Automate deployments: CI/CD pipelines with model registry and versioned artifacts.
Implement input schema validation and output monitoring to catch silent failures early.
Define clear SLAs and test for latency, throughput, and autoscaling behavior.
Store artifacts and metadata in object storage and tracking systems for reproducibility.

Example use cases

Churn prediction pipeline: track experiments with MLflow, register models, and promote to staging automatically.
Production drift monitoring: schedule daily checks with Evidently and trigger retraining on detected drift.
Low-latency serving: choose Kubernetes (KServe/Seldon) for high throughput or serverless for moderate traffic.
RAG knowledge base: chunk, embed, index documents into Pinecone/Weaviate and build a retrieval+LLM QA chain.
Distributed training: use Ray Train or PyTorch DDP with Kubeflow/Airflow orchestration for large datasets.

FAQ

What serving option for ultra-low latency inference?

Use specialized inference servers (Triton) or C++/Rust implementations and colocate model GPUs to meet sub-10ms SLAs.
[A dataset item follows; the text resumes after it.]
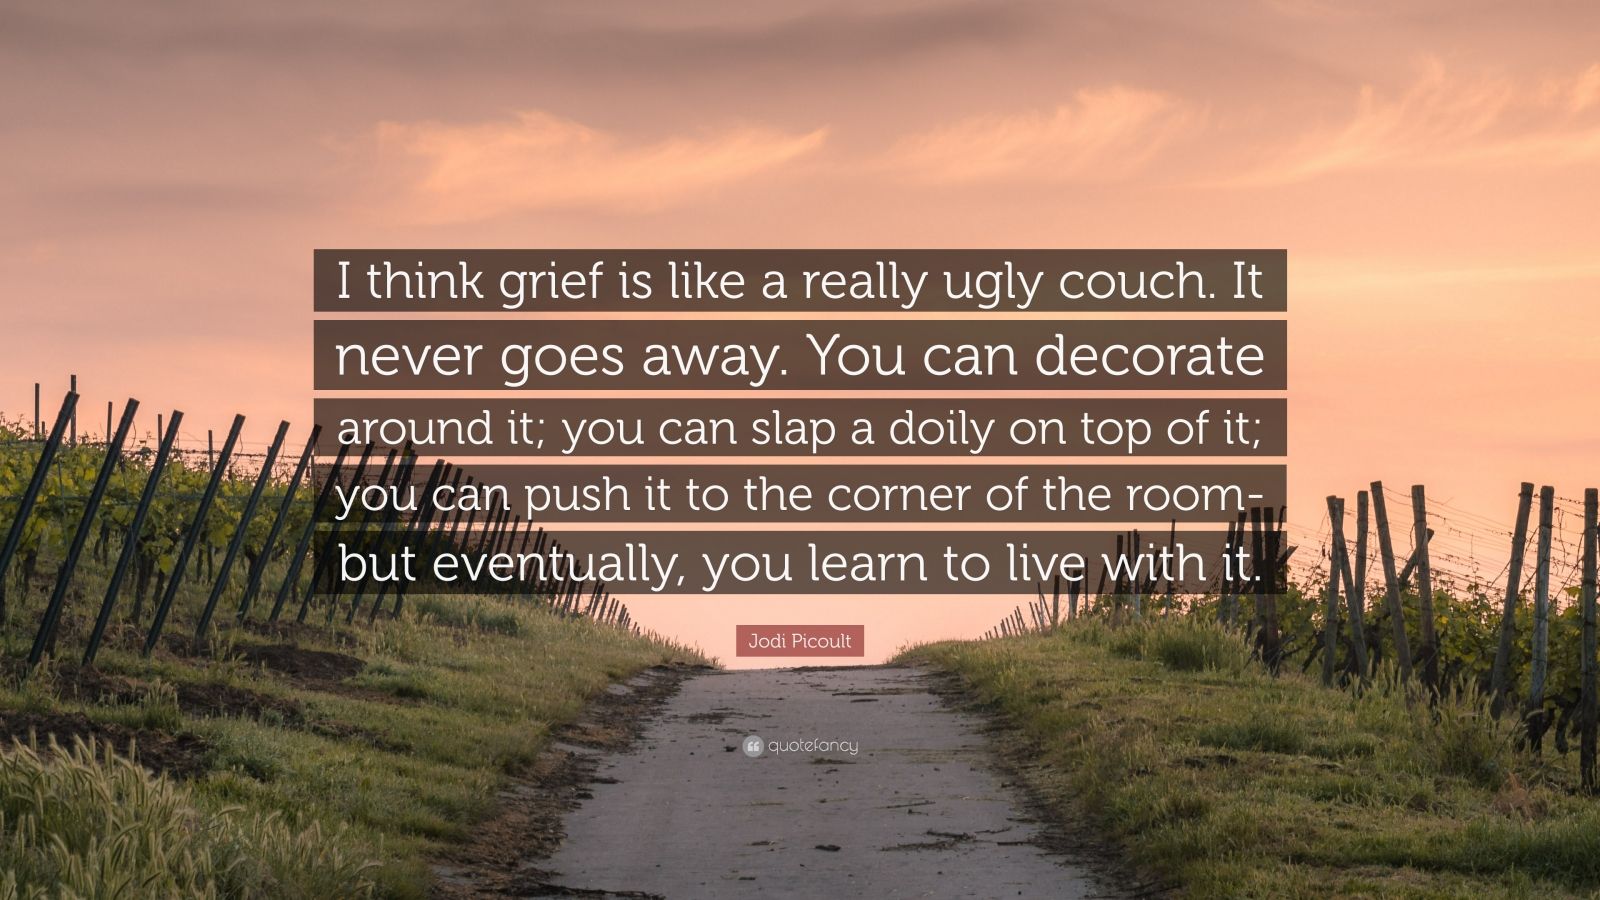 Jodi Picoult Quote: “I think grief is like a really ugly couch. It ...

When should I adopt a feature store?

Skip for simple MVPs. Adopt Feast for team consistency and managed solutions (Tecton/Hopsworks) for enterprise governance and SLAs.

How do I avoid silent failures in production?

Validate inputs (Pydantic/TFX), monitor prediction distributions, set alerts, and provide fallbacks or heuristics when models fail.